## ABOUT THIS TASK
All lines from the one bearing "Packaging of the Silk chocolate minis" through the end of the data below must be printed exactly as they stand, with pictures removed.

## DATA
● ● ● ●

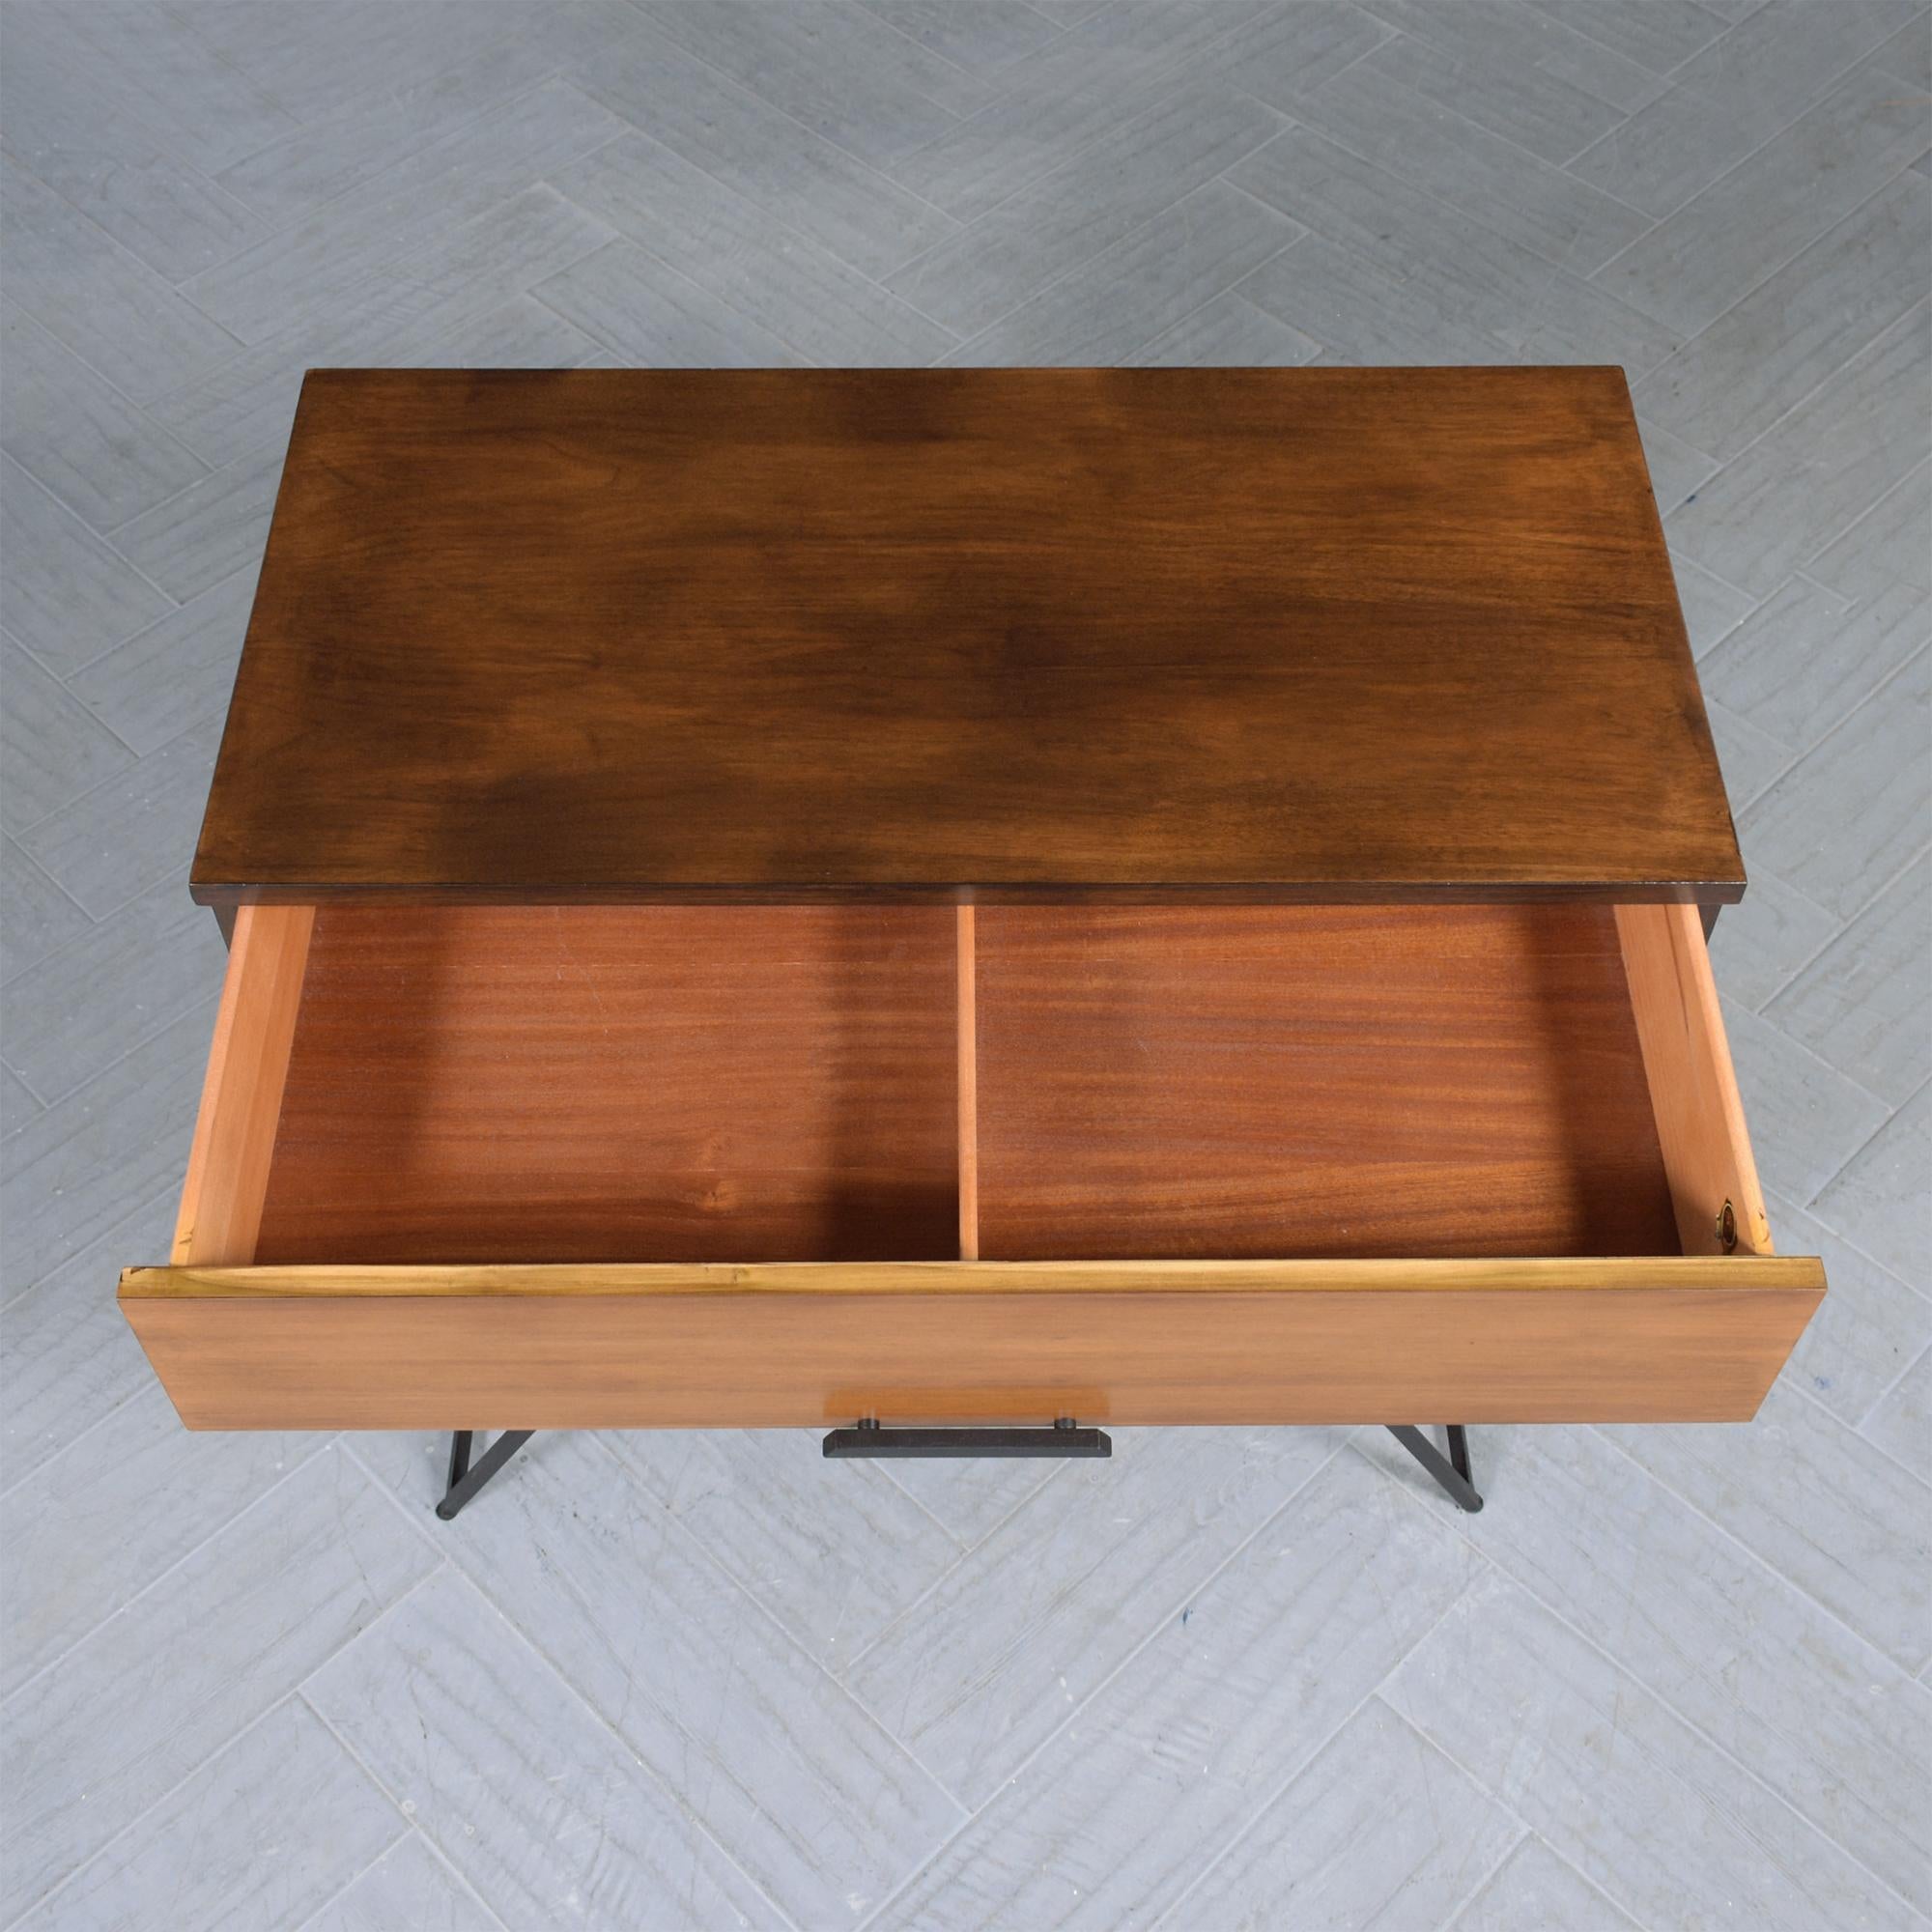 Walnut Restored 1960s Mid-Century Modern Wood Chest with Wrought Iron Handles For Sale
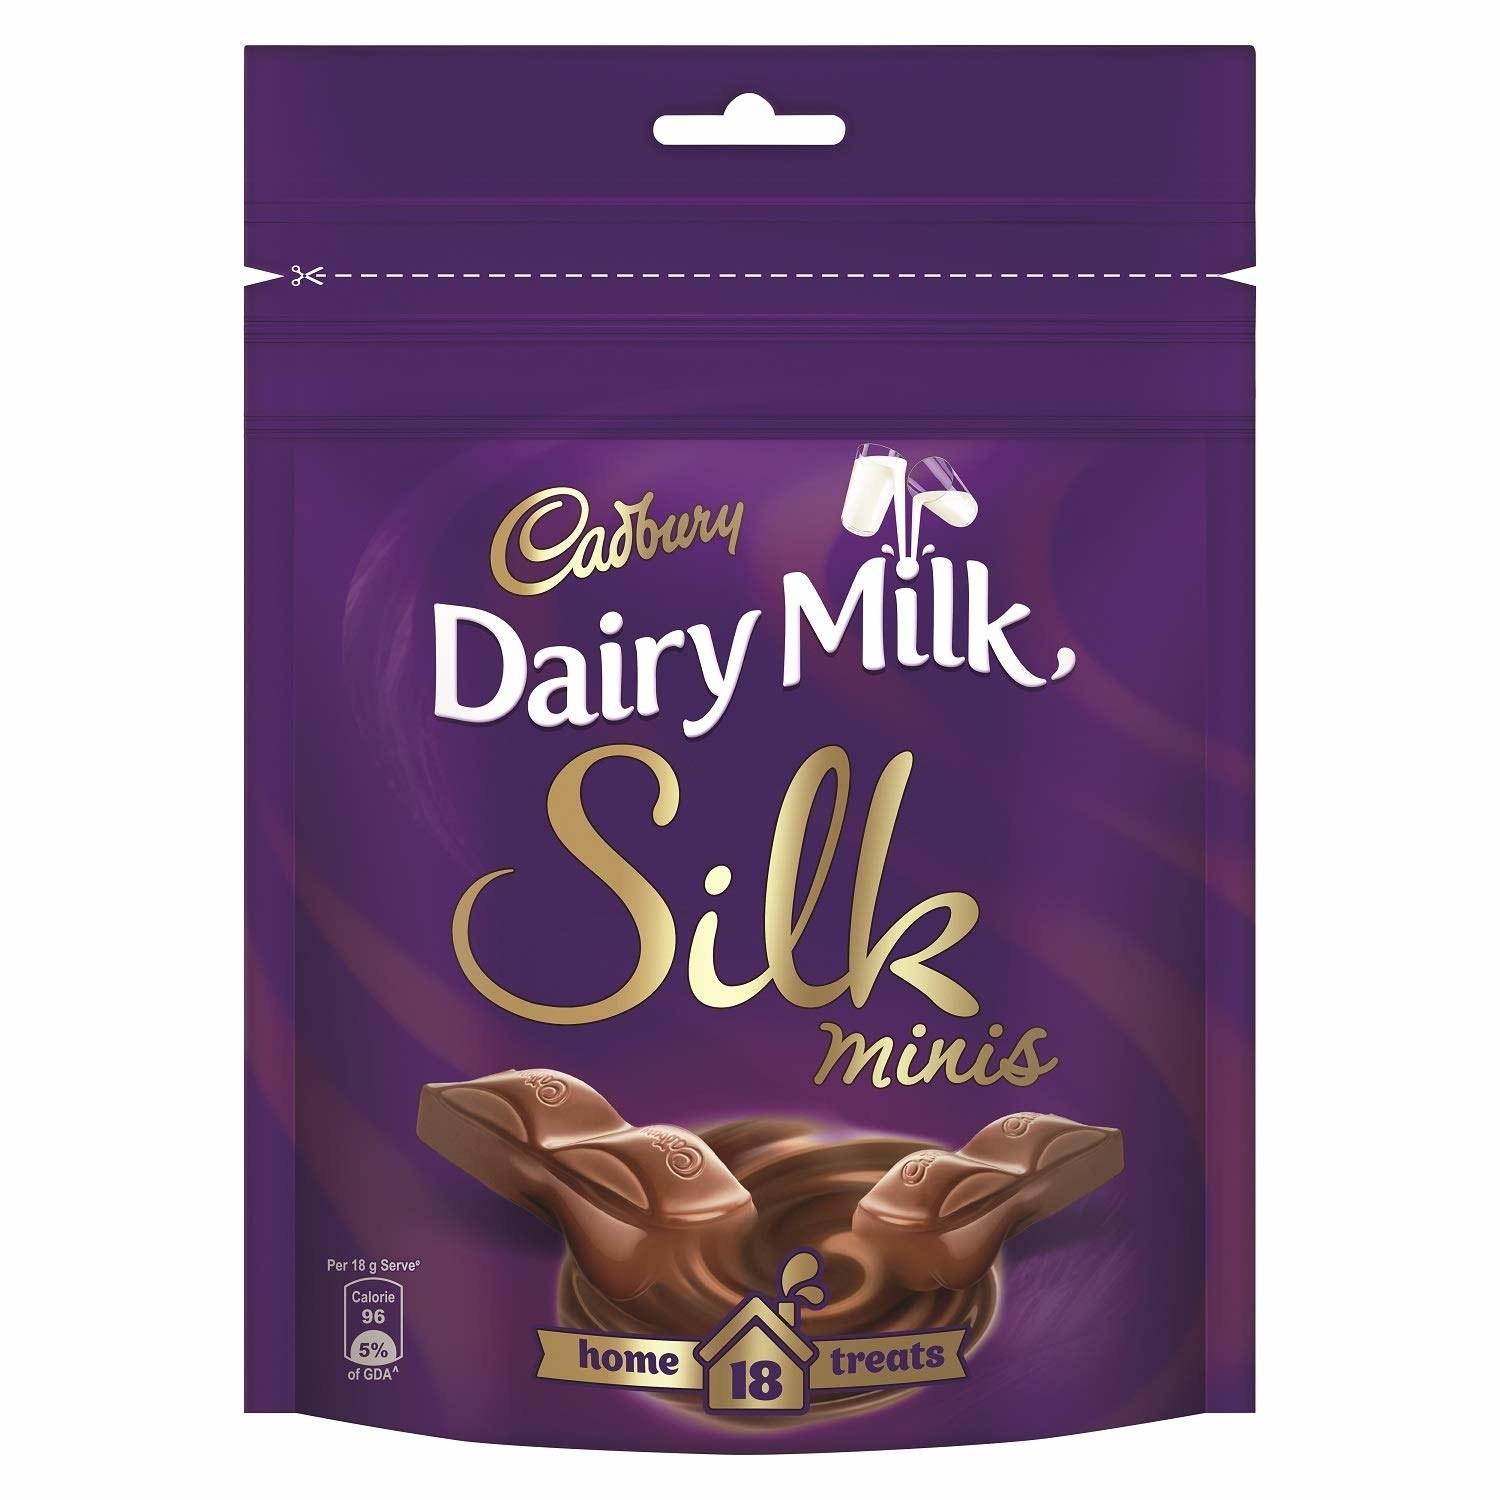 Packaging of the Silk chocolate minis
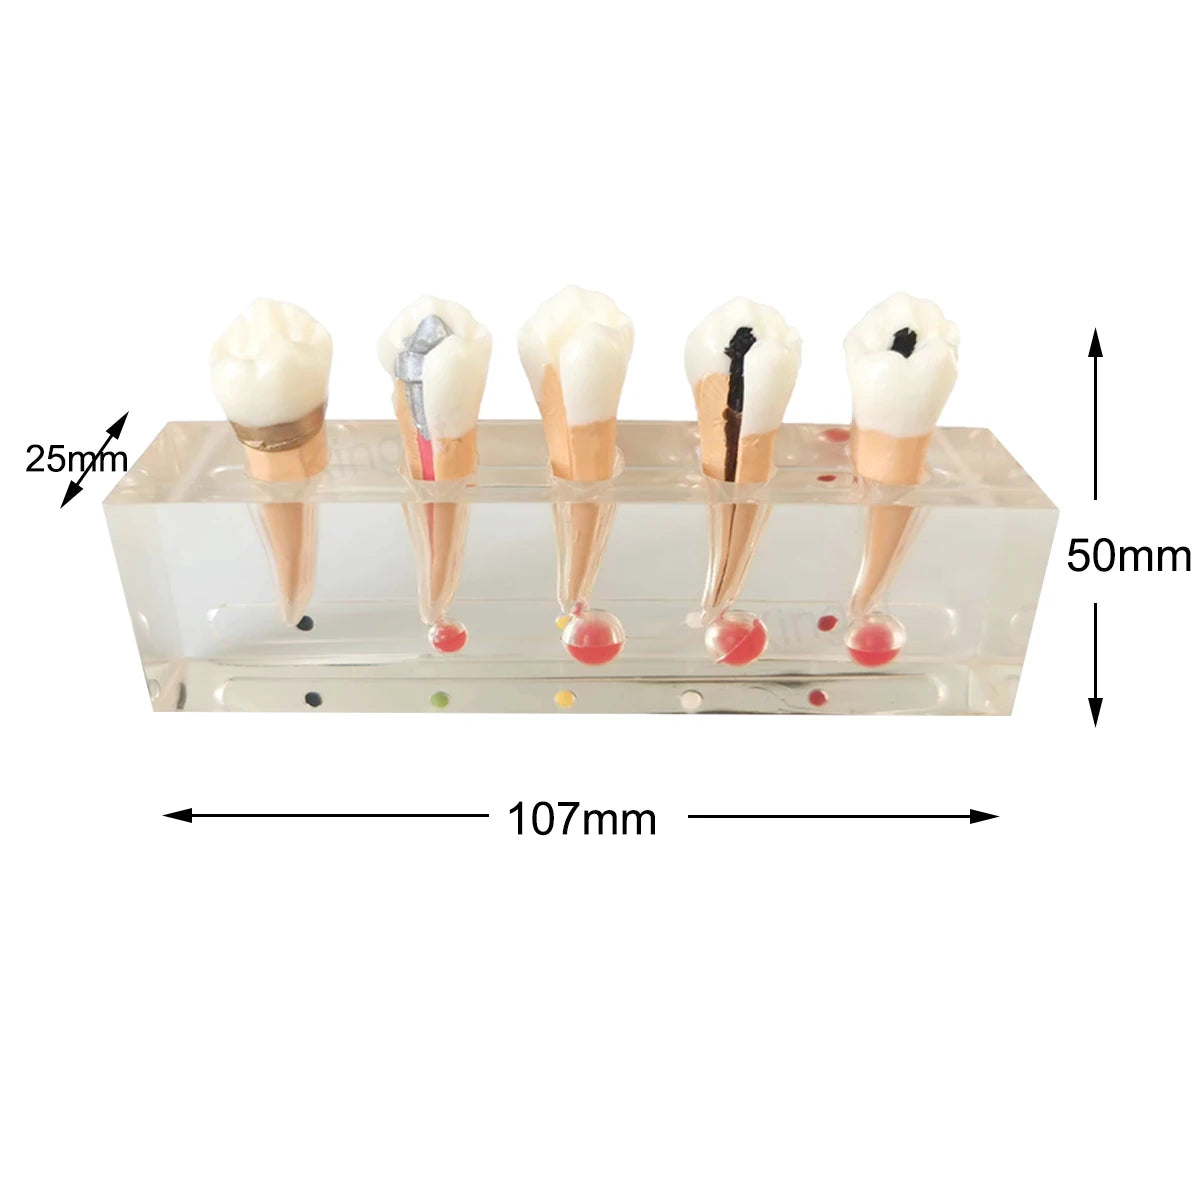 Dental Teaching Model Endodontic Treatment Model Demos 5 Stages of Root Canal Procedure on 2nd Premolar for Dental Laboratory
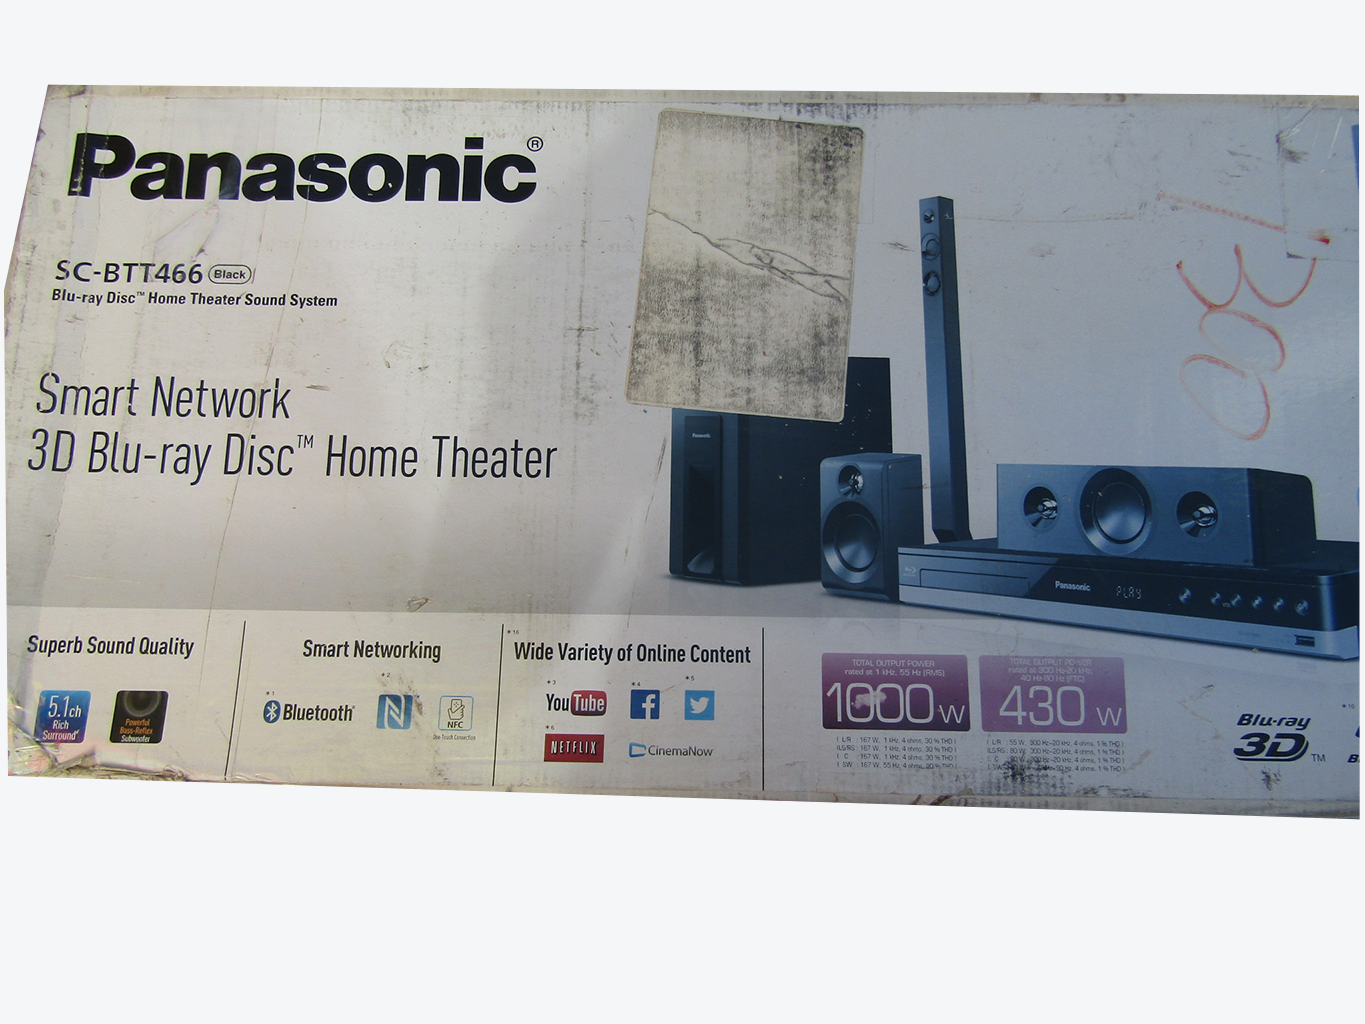 Panasonic Sc-btt466 5.1 Ch Home Theater System with 3d Blu-ray Player VG

● ● ● ●

## REPLY
 Packaging of the Silk chocolate minis
 Dental Teaching Model Endodontic Treatment Model Demos 5 Stages of Root Canal Procedure on 2nd Premolar for Dental Laboratory
 Panasonic Sc-btt466 5.1 Ch Home Theater System with 3d Blu-ray Player VG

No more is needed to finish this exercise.